Exploding gradients in RNNs

Vanilla RNNs feature another good example of unintuitive effects of backpropagation. I’ll copy paste a slide from CS231n that has a simplified RNN that does not take any input x, and only computes the recurrence on the hidden state (equivalently, the input x could always be zero):

Press enter or click to view image in full size

This RNN is unrolled for T time steps. When you stare at what the backward pass is doing, you’ll see that the gradient signal going backwards in time through all the hidden states is always being multiplied by the same matrix (the recurrence matrix Whh), interspersed with non-linearity backprop.

What happens when you take one number a and start multiplying it by some other number b (i.e. a*b*b*b*b*b*b…)? This sequence either goes to zero if |b| < 1, or explodes to infinity when |b|>1. The same thing happens in the backward pass of an RNN, except b is a matrix and not just a number, so we have to reason about its largest eigenvalue instead.

TLDR: If you understand backpropagation and you’re using RNNs you are nervous about having to do gradient clipping, or you prefer to use an LSTM. See a longer explanation in this CS231n lecture video.

Spotted in the Wild: DQN Clipping

Lets look at one more — the one that actually inspired this post. Yesterday I was browsing for a Deep Q Learning implementation in TensorFlow (to see how others deal with computing the numpy equivalent of Q[:, a], where a is an integer vector — turns out this trivial operation is not supported in TF).
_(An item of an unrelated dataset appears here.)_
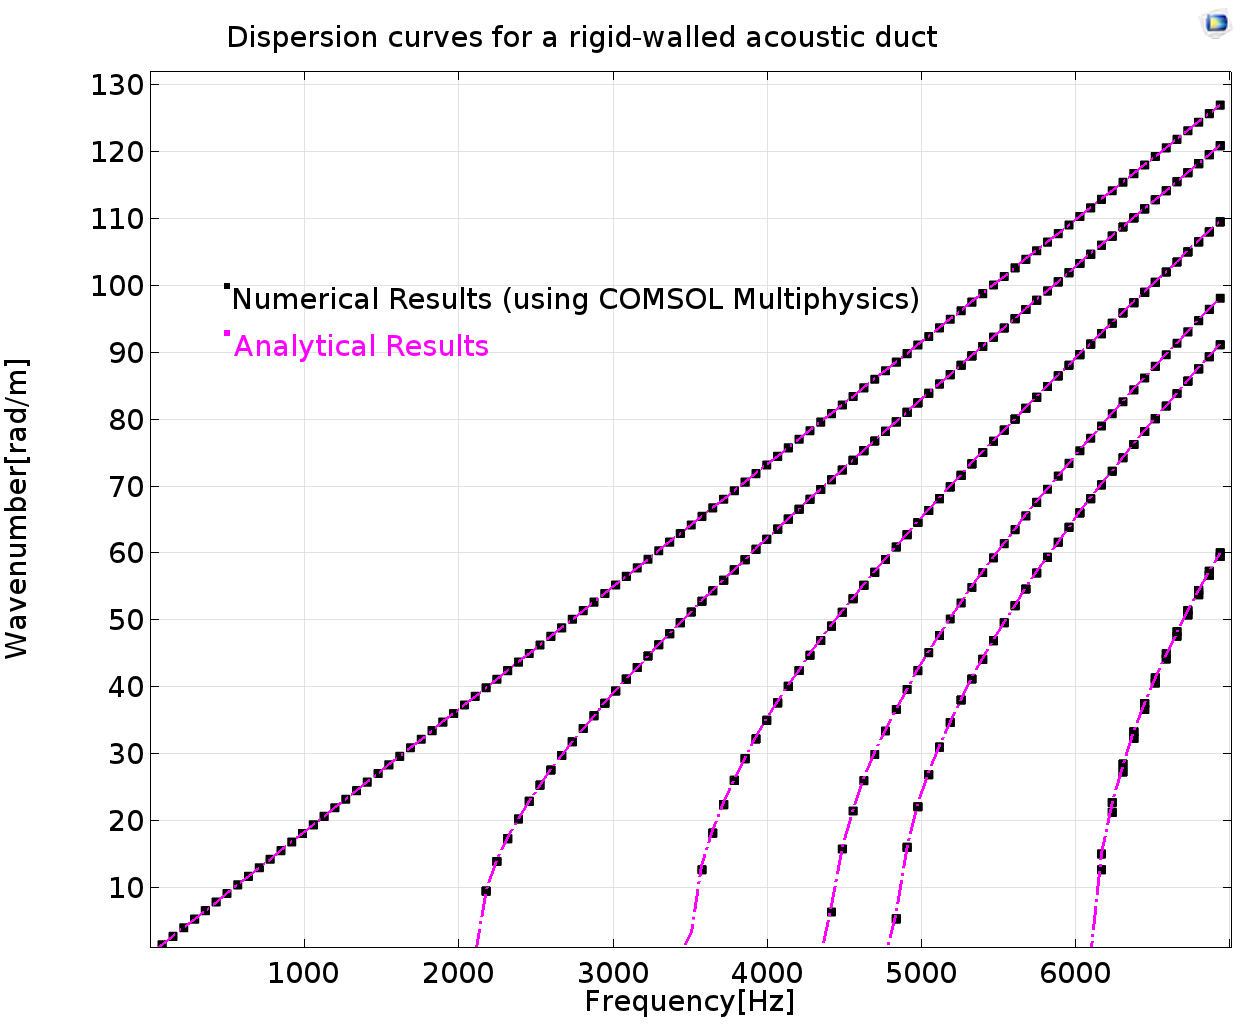 A 1D plot showing dispersion curves for a rigid-walled acoustic duct.

Anyway, I searched “dqn tensorflow”, clicked the first link, and found the core code. Here is an excerpt:

Press enter or click to view image in full size

If you’re familiar with DQN, you can see that there is the target_q_t, which is just [reward * \gamma \argmax_a Q(s’,a)], and then there is q_acted, which is Q(s,a) of the action that was taken. The authors here subtract the two into variable delta, which they then want to minimize on line 295 with the L2 loss with tf.reduce_mean(tf.square()). So far so good.

The problem is on line 291. The authors are trying to be robust to outliers, so if the delta is too large, they clip it with tf.clip_by_value. This is well-intentioned and looks sensible from the perspective of the forward pass, but it introduces a major bug if you think about the backward pass.
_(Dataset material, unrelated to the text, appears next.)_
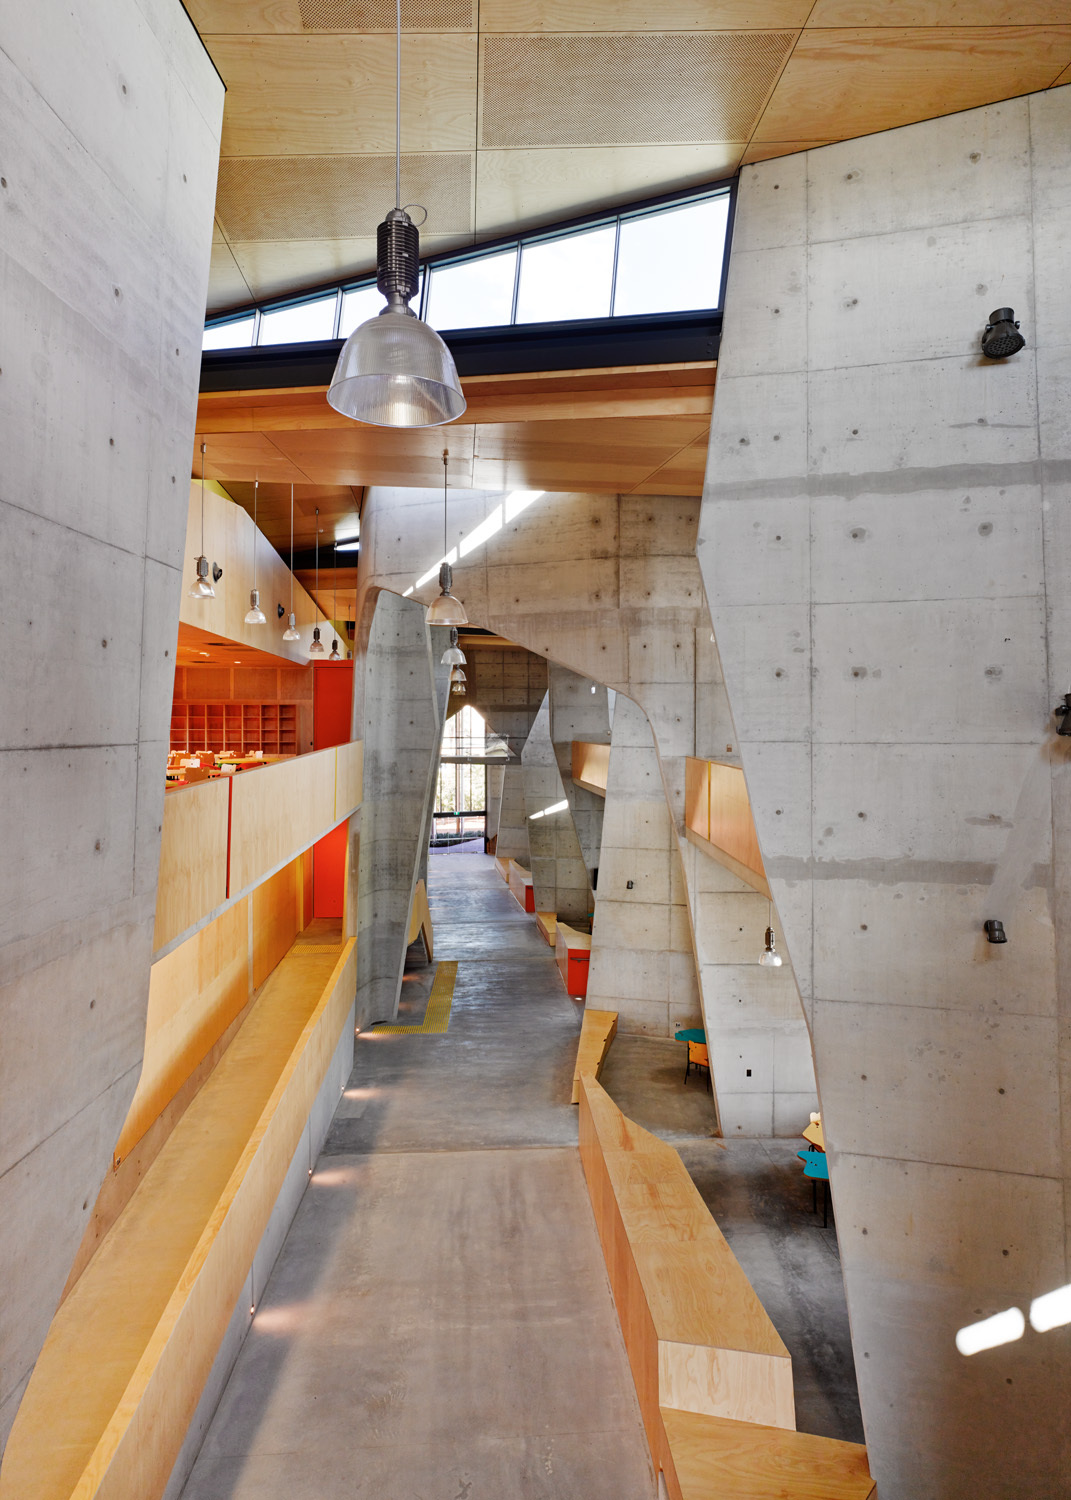 New Australian School Of Architecture Is A Crazy Canyon Of Concrete And Wood

The clip_by_value function has a local gradient of zero outside of the range min_delta to max_delta, so whenever the delta is above min/max_delta, the gradient becomes exactly zero during backprop. The authors are clipping the raw Q delta, when they are likely trying to clip the gradient for added robustness. In that case the correct thing to do is to use the Huber loss in place of tf.square:

def clipped_error(x): 
return tf.select(tf.abs(x) < 1.0, 
0.5 * tf.square(x), 
tf.abs(x) - 0.5) # condition, true, false

It’s a bit gross in TensorFlow because all we want to do is clip the gradient if it is above a threshold, but since we can’t meddle with the gradients directly we have to do it in this round-about way of defining the Huber loss. In Torch this would be much more simple.

I submitted an issue on the DQN repo and this was promptly fixed.

In conclusion

Backpropagation is a leaky abstraction; it is a credit assignment scheme with non-trivial consequences. If you try to ignore how it works under the hood because “TensorFlow automagically makes my networks learn”, you will not be ready to wrestle with the dangers it presents, and you will be much less effective at building and debugging neural networks.

The good news is that backpropagation is not that difficult to understand, if presented properly. I have relatively strong feelings on this topic because it seems to me that 95% of backpropagation materials out there present it all wrong, filling pages with mechanical math. Instead, I would recommend the CS231n lecture on backprop which emphasizes intuition (yay for shameless self-advertising). And if you can spare the time, as a bonus, work through the CS231n assignments, which get you to write backprop manually and help you solidify your understanding.

That’s it for now! I hope you’ll be much more suspicious of backpropagation going forward and think carefully through what the backward pass is doing. Also, I’m aware that this post has (unintentionally!) turned into several CS231n ads. Apologies for that :)